What is Sarbanes-Oxley?

Created in response to the accounting scandals that occurred at major corporations in 2001 and 2002, the Sarbanes-Oxley Act (SOX) requires that publicly-traded companies ensure their internal business processes are properly monitored, managed, and auditable.

The main intention of SOX is to establish verifiable security controls to protect against disclosure of confidential data and tracking of personnel to detect data tampering that may be fraud related. SOX requires the timely monitoring and response to issues that may materially affect data used or relied upon to generate public financial reports. Financial reporting processes are driven by IT systems, so IT needs to be configured securely, maintained properly, and monitored.

All public companies now must comply with SOX, both on the financial side and on the IT side. While the act does not specify how a business should store records or establish a set of business practices, it does define which records should be stored and the length of time for the storage – which is not less than five years.


Our Solution:

ARIA cybersecurity solutions make it easy for organizations to meet and prove compliance with the financial and IT requirements set forth by SOX. To be fully SOX-compliant, organizations must not only secure any financial and PII data, but also log and audit access to it and other critical files used in preparation of public financial reports.

Our enhanced network security solutions enable organizations to automatically monitor, apply policies against, and encrypt their high-value data, as well as control and record all devices that access that data. For full compliance assurance, all network traffic, including east-west, is not only monitored but all or specific data (like PII) is recorded for analysis and auditing purposes.
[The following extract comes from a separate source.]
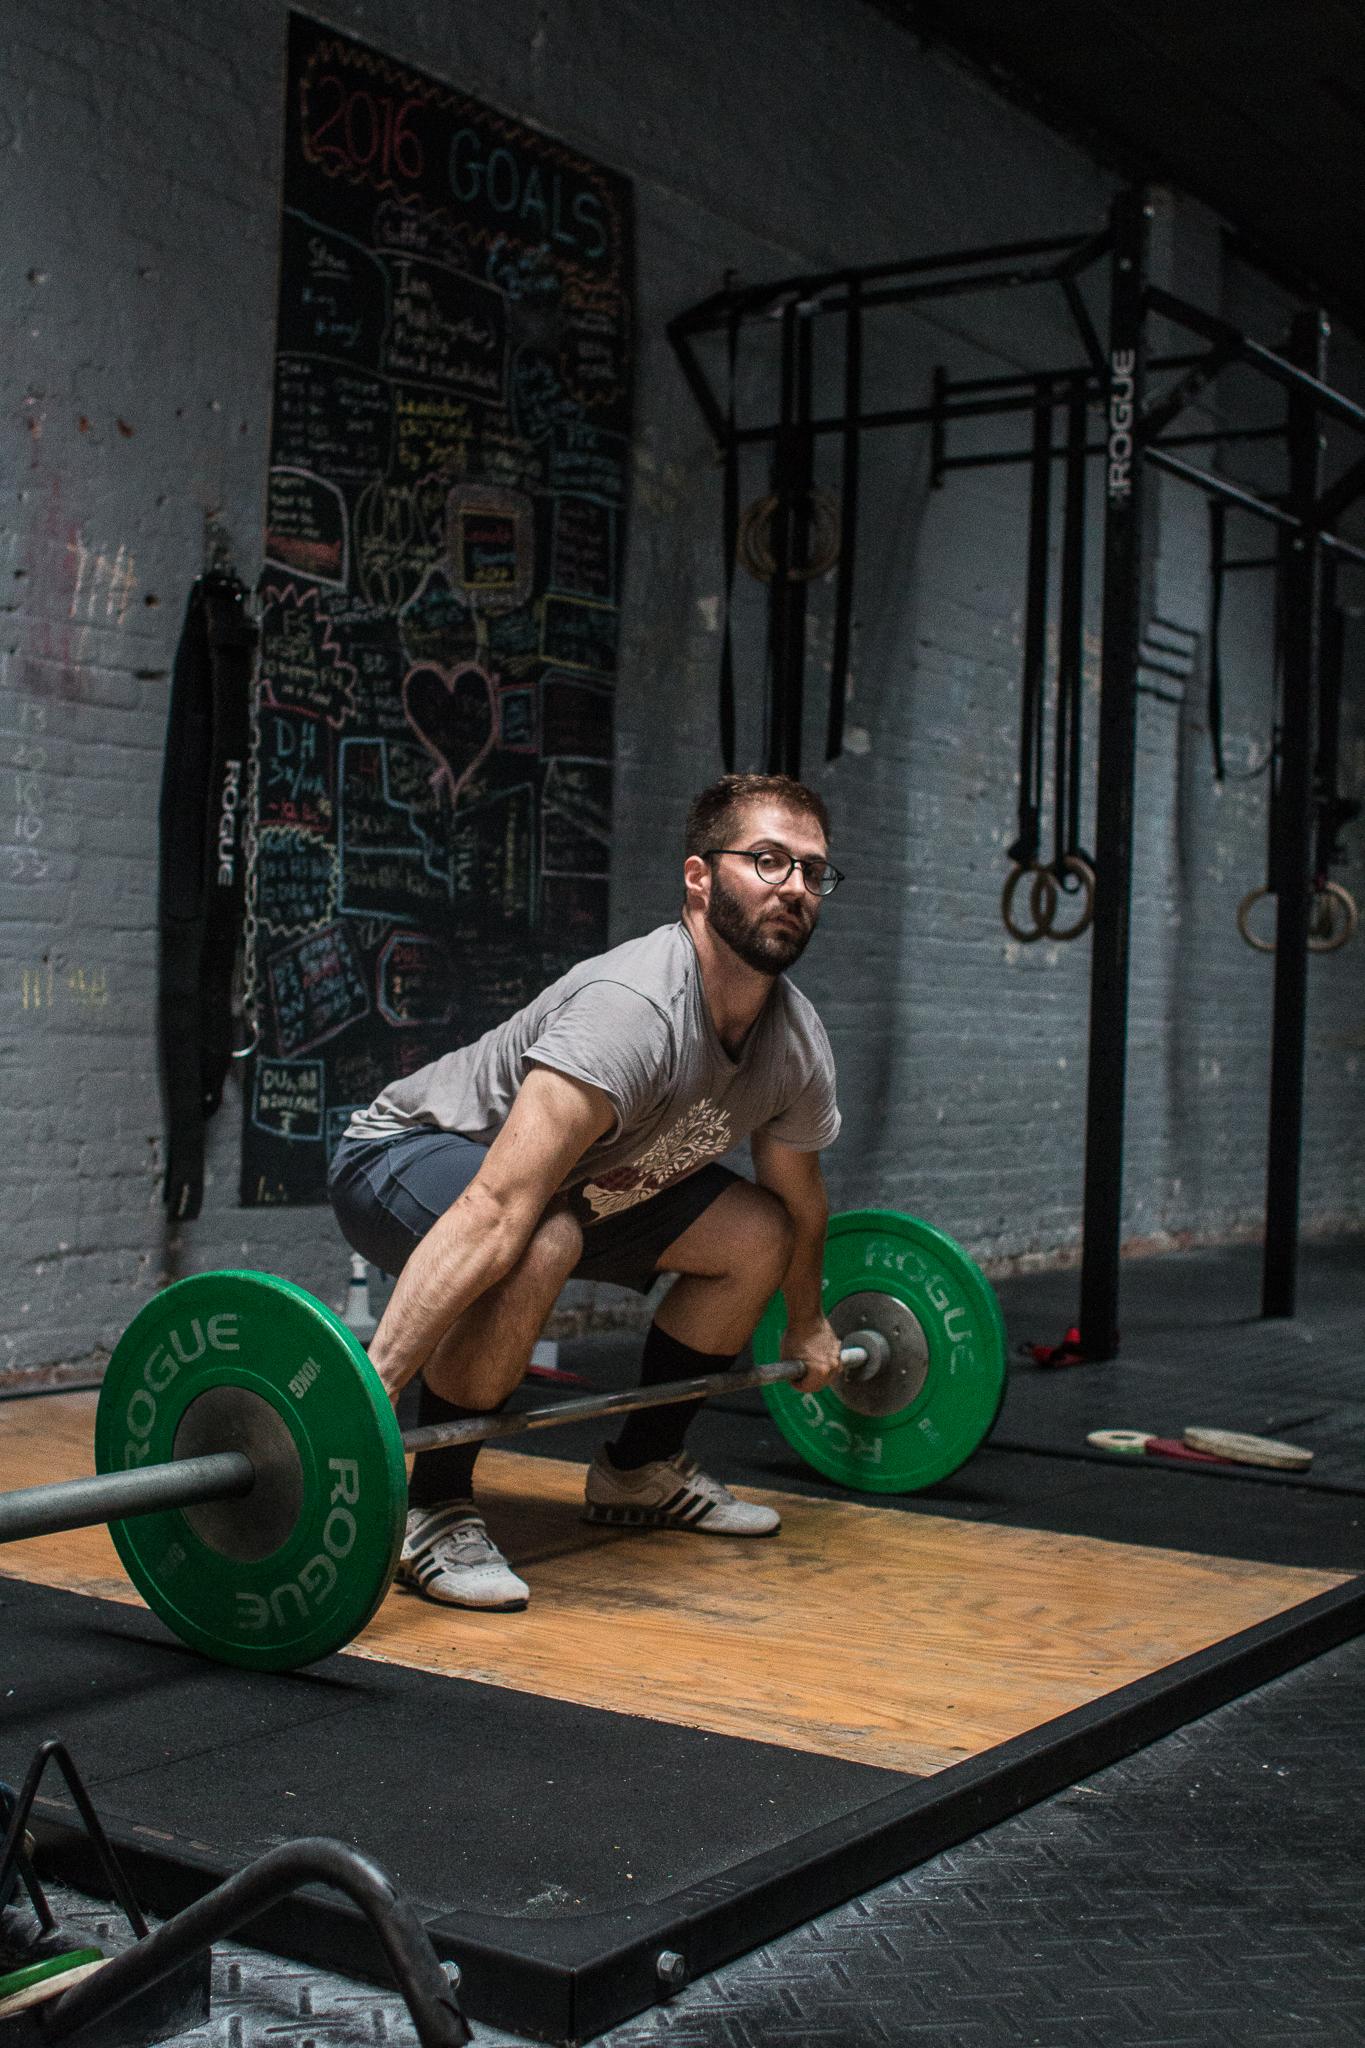 james-wright-visit-brooklyn-new-york-weightlifting-coach-teammates-october-2016 (42 of 92).jpg

These details can provide the insight needed to prove unauthorized access (if any) as well as all the exact extent of the data impacted and whether that data was encrypted, and therefore unusable.

It is an easy and cost-effective ways for organizations to augment their existing security infrastructure and tools and to easily strengthen their security posture.

What is NIST

NIST Special Publication 800-53 provides a catalog of security controls and guidelines for all U.S. federal information systems except those related to national security. It is published by the National Institute of Standards and Technology, which is a non-regulatory agency of the United States Department of Commerce.
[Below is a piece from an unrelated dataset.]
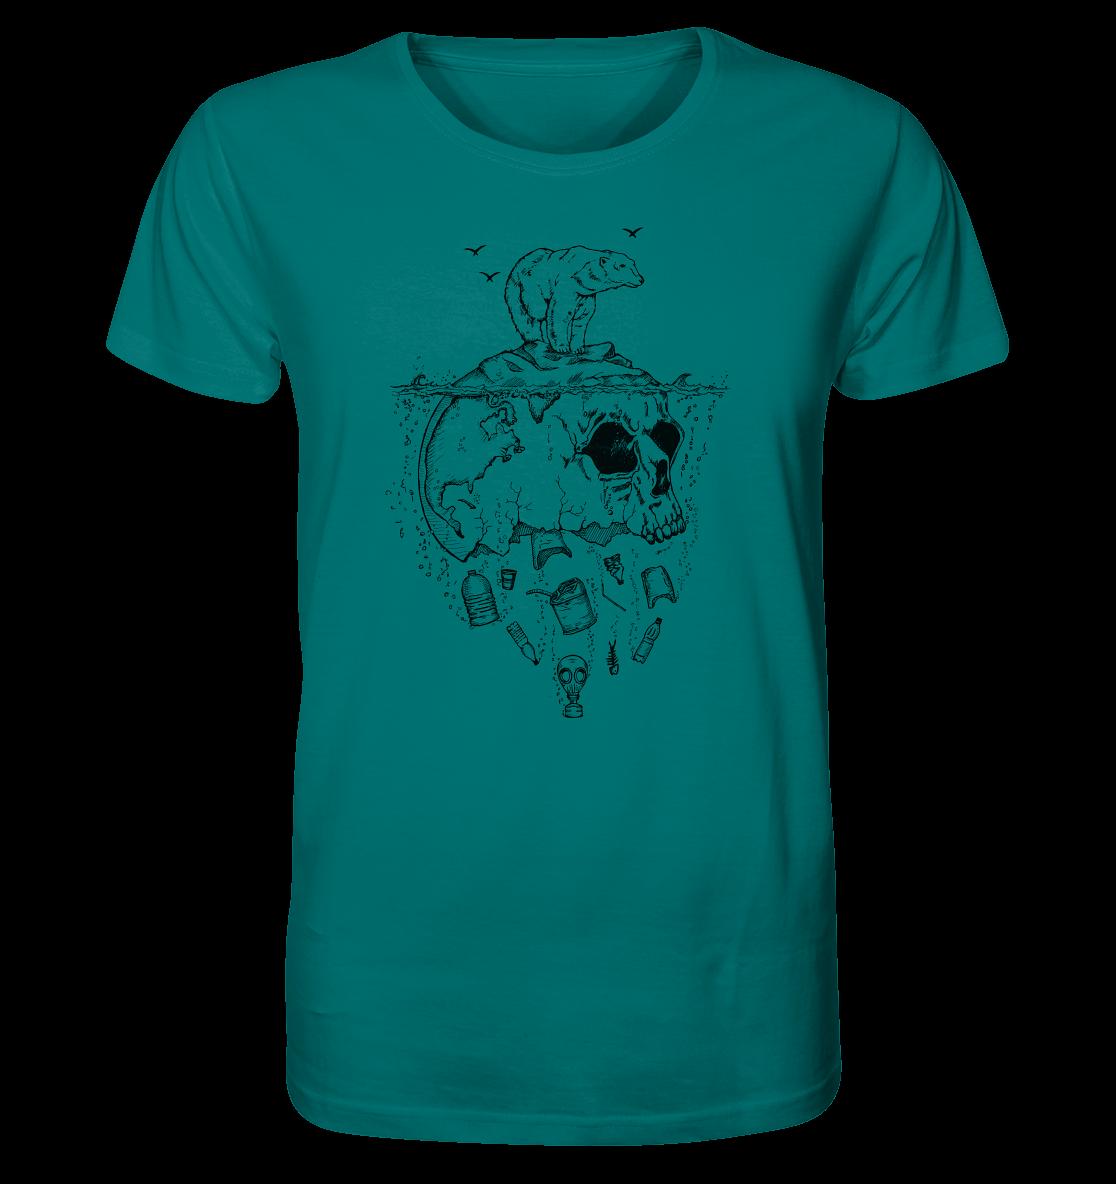 front-organic-shirt-007373-1116x-6.png

NIST develops and issues standards, guidelines, and other publications to assist federal agencies in implementing the Federal Information Security Management Act of 2002 (FISMA) and to help with managing cost effective programs to protect their information and information systems.


Our Solution:

ARIA cybersecurity solutions make it easy for federal agencies, including those in the government, healthcare, and education industries, to follow the incident response standards and requirements specifically set forth by NIST 800.53.

Our enhanced network security, data security, and incident response solutions enable organizations to meet 800.86 for forensic incident response as well as 800.171 for inspection. For fast, focused breach response, our solutions enable automated notification and detailed reporting of verified breaches. This detailed information can be redirected to existing threat analysis tools, such as SIEM or IPS, for a complete forensic analysis that can be completed in just hours, not the typical weeks or months.

Organizations rely on ARIA for a flexible, scalable, and cost-effective way for data protection, including not only data encryption but also encryption key generation and management, which is critical in meeting the FIPS 199 and FIPS 200 requirements. Our solutions also augment any organization’s existing security infrastructure and tools to strengthen their overall security posture.